Your objective:
The listing below is to be duplicated exactly, with every picture omitted.

Collected material:
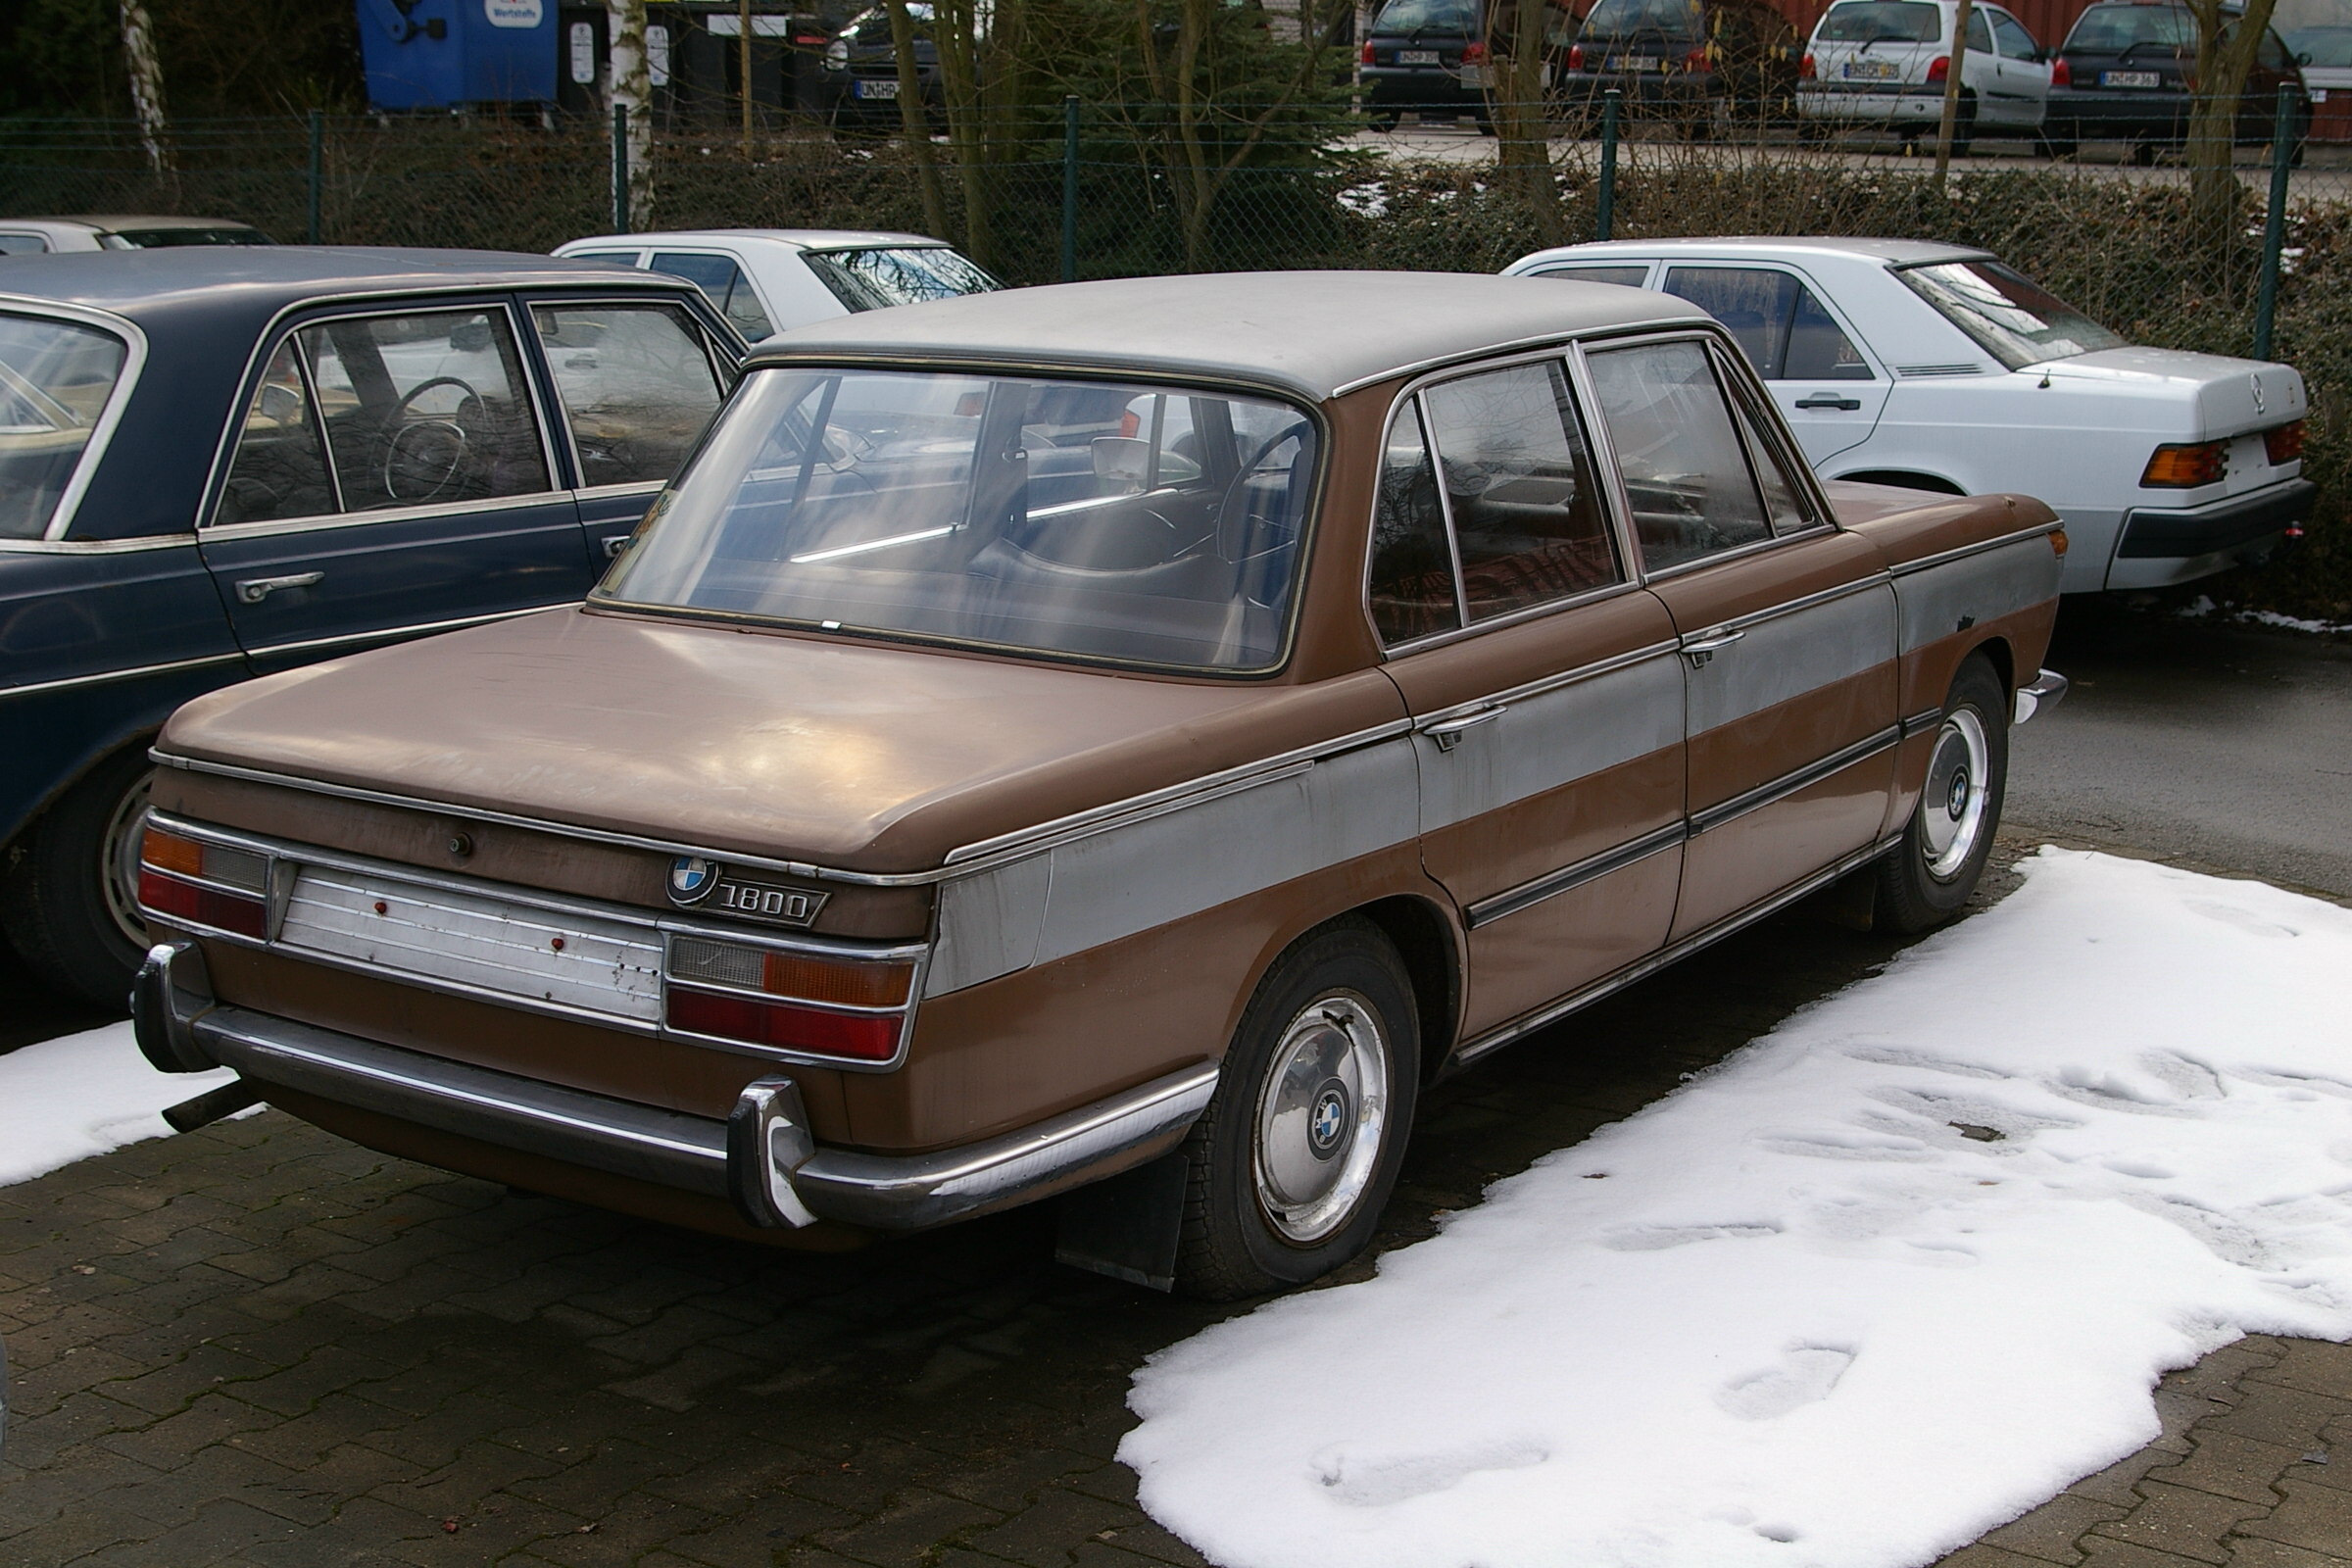 Dossier : BMW-1800.jpg - Wikimedia Commons
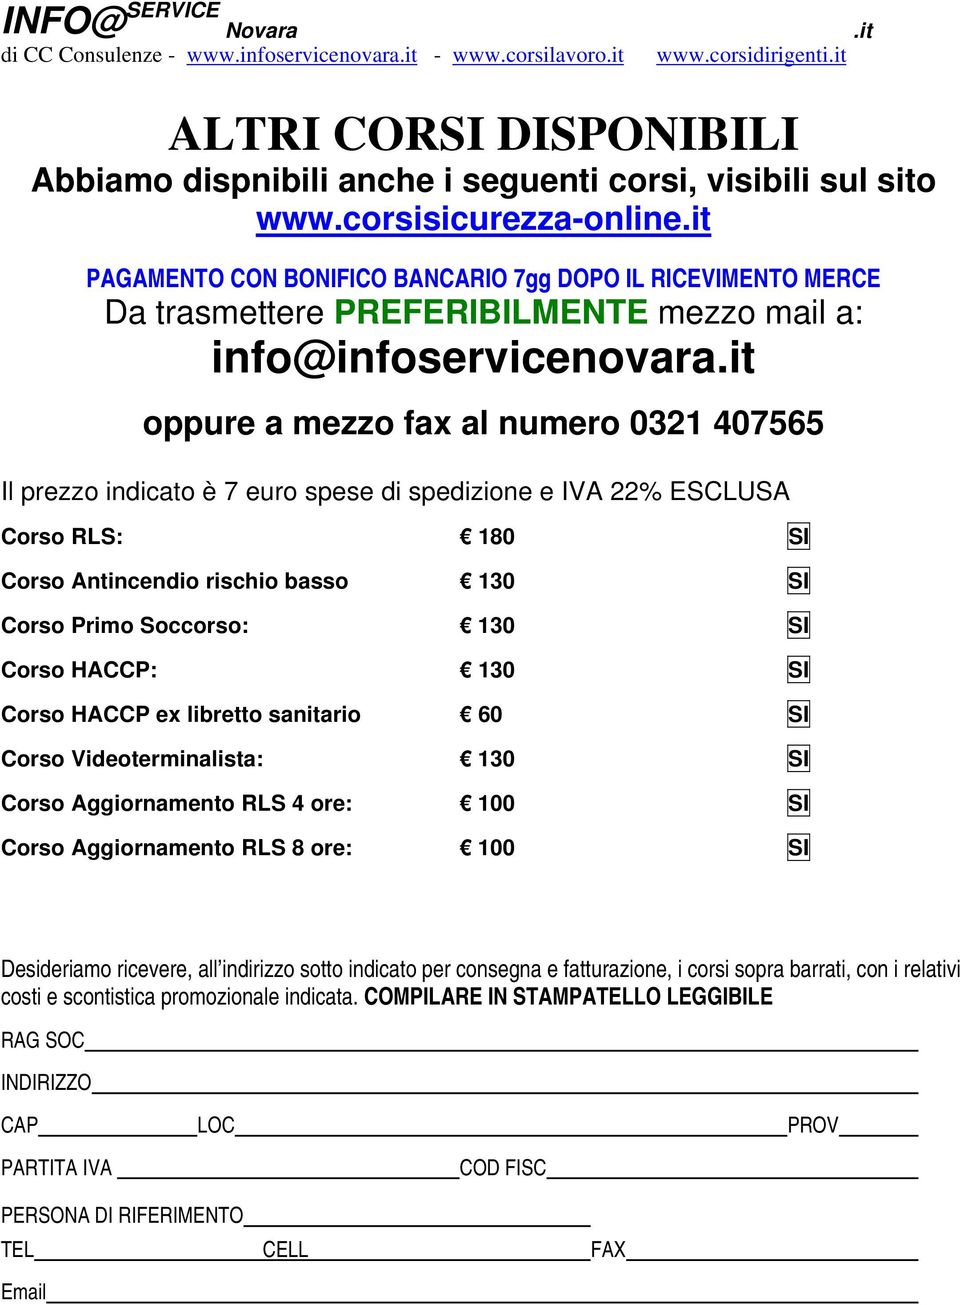 corsisicurezza-online info@infoservicenovara Il prezzo indicato è 7 euro spese di spedizione e IVA 22% ESCLUSA Corso RLS: 180 SI
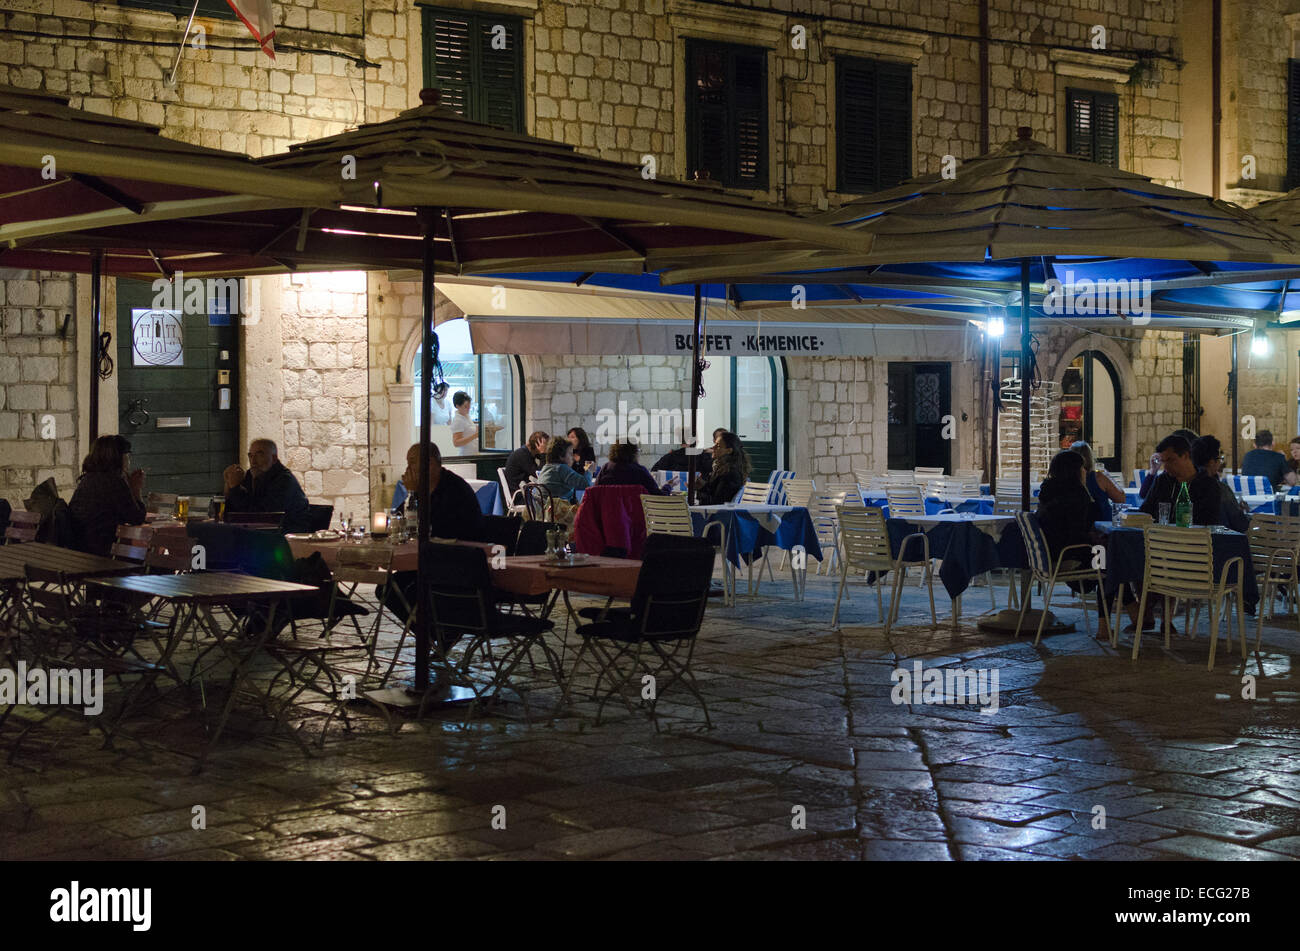 DUBROVNIK, Croatie - 16 MAI 2013 : nuit, les tables d'un restaurant de rue dans la vieille ville de Dubrovnik. Le 16 mai 2013 à Dubrovni Banque D'Images

Solution for this task:
 Dossier : BMW-1800.jpg - Wikimedia Commons
 corsisicurezza-online info@infoservicenovara Il prezzo indicato è 7 euro spese di spedizione e IVA 22% ESCLUSA Corso RLS: 180 SI
 DUBROVNIK, Croatie - 16 MAI 2013 : nuit, les tables d'un restaurant de rue dans la vieille ville de Dubrovnik. Le 16 mai 2013 à Dubrovni Banque D'Images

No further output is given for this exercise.